We could be asking what business is it of corporations knowing what kind of contraceptive their employees may use? And clearly this ruling puts the interests of a corporation above the individuals who are its employees, in this particular case women.

We agree with Justice Ruth Bader Ginsburg, who in her stinging dissent, said the ruling opens wide the door for “... commercial enterprises, including corporations, along with partnerships and sole proprietorships (opting) out of any law (saving only tax laws) they judge incompatible with their sincerely held religious beliefs.”

Making this more unpalatable for Ginsburg was that “Until this litigation, no decision of this Court recognized a for-profit corporation’s qualification for a religious exemption from a generally applicable law, whether under the Free Exercise Clause or RFRA. The absence of such precedent is just what one would expect, for the exercise of religion is characteristic of natural persons, not artificial legal entities.

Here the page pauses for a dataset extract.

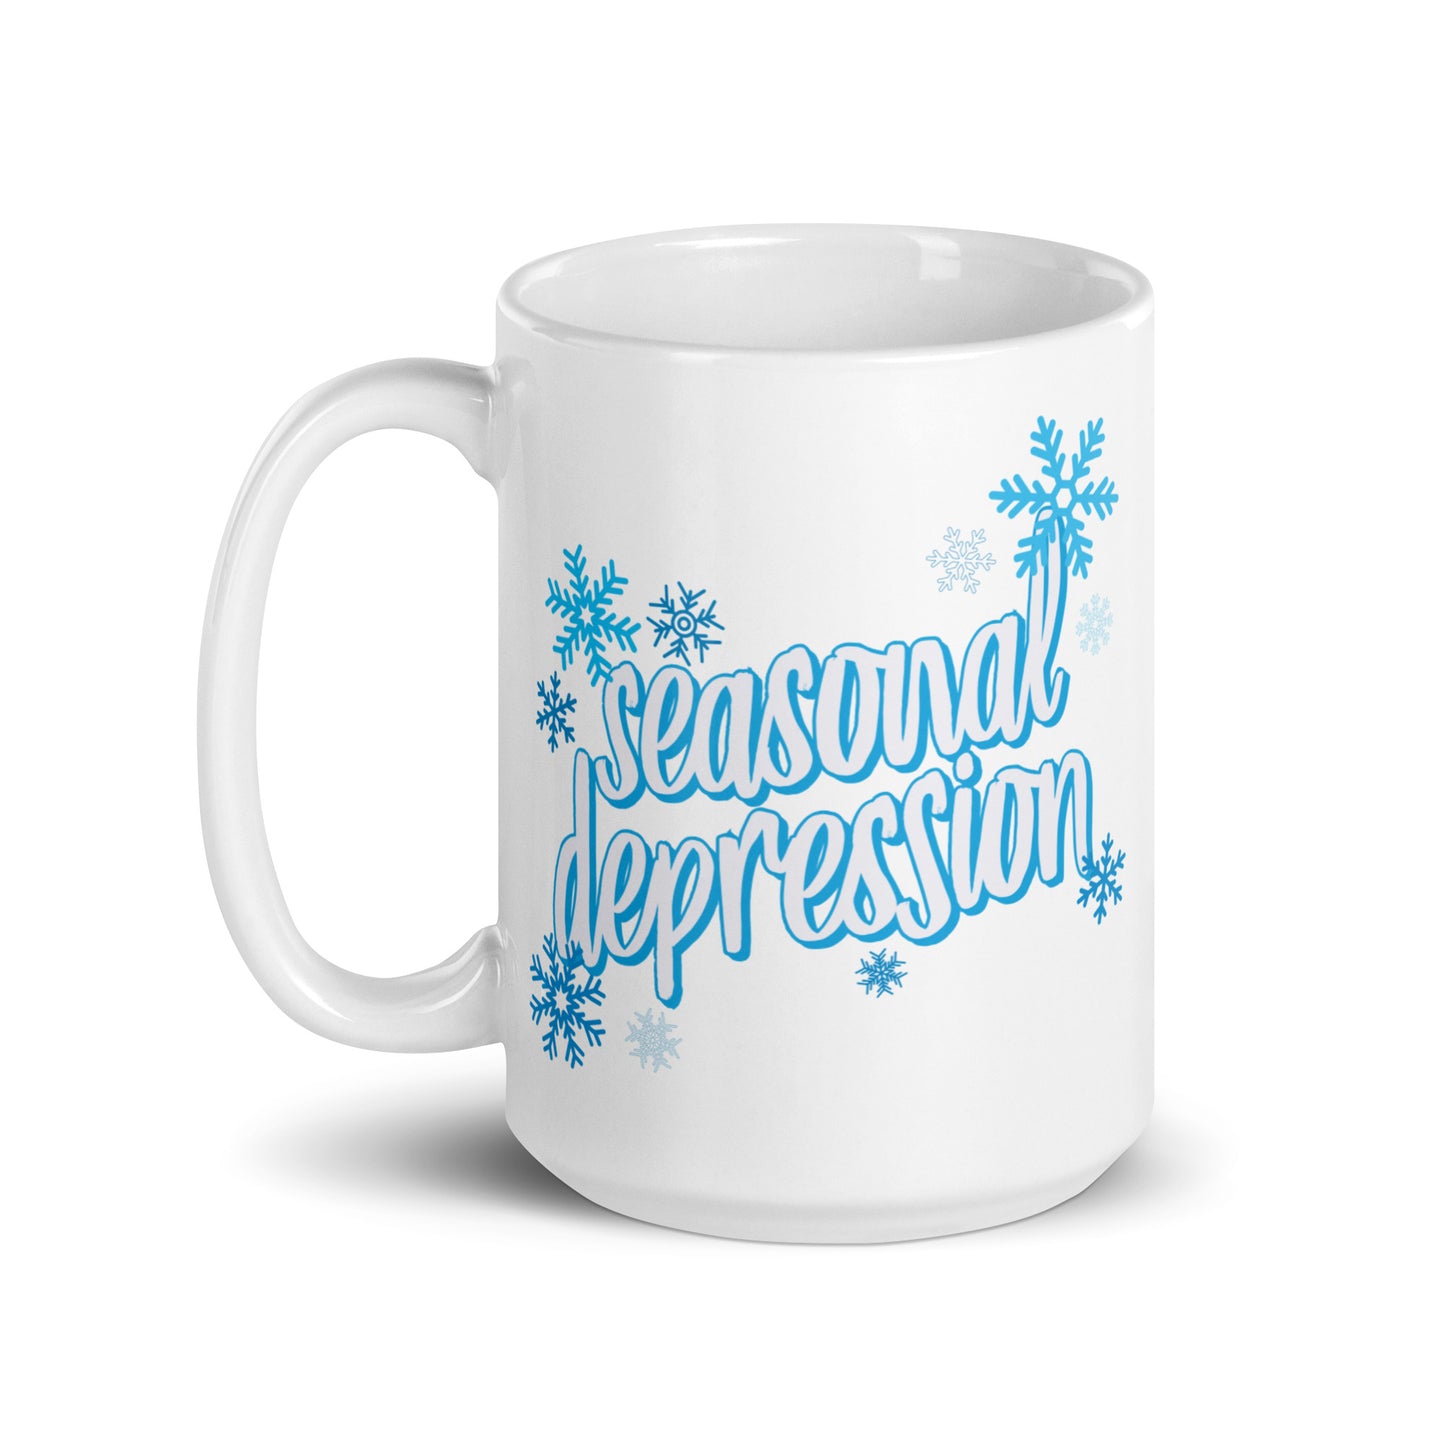 Seasonal Depression mug
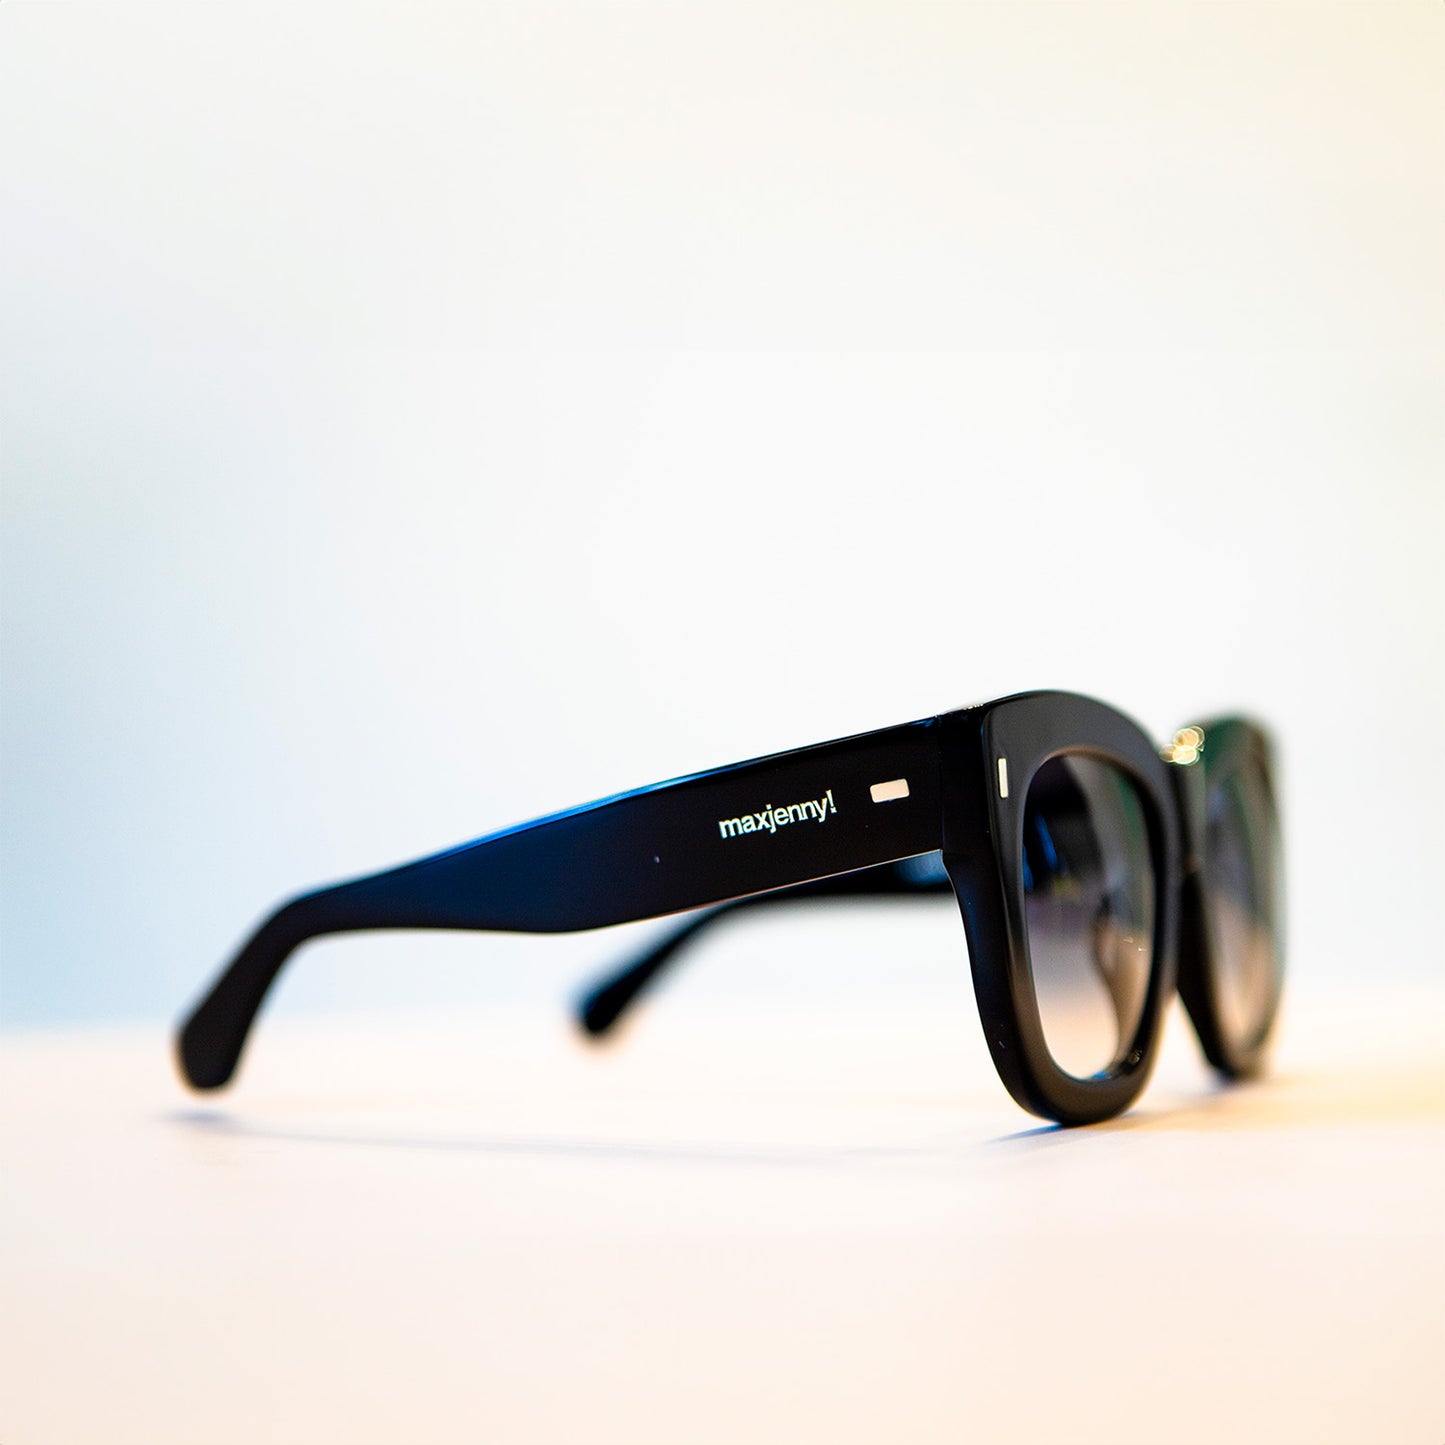 maxjenny! plant-based glasses for sun & optic Black

As Chief Justice Marshall observed nearly two centuries ago, a corporation is ‘an artificial being, invisible, intangible, and existing only in contemplation of law.’”

Alito, noting Ginsburg’s dissent, says the decision carries neither the impetus for privately held corporations to expand their objections beyond contraceptions, vaccinations, for example, nor for publicly traded companies to try to get in on the action. This, of course, ignores the real world consequences seen via the court’s earlier corporation ruling in Citizens United, which allowed a greater flow of corporate money in public campaigns.

The majority opinion here erred in placing corporations above people. Congress needs to find a way to fix this.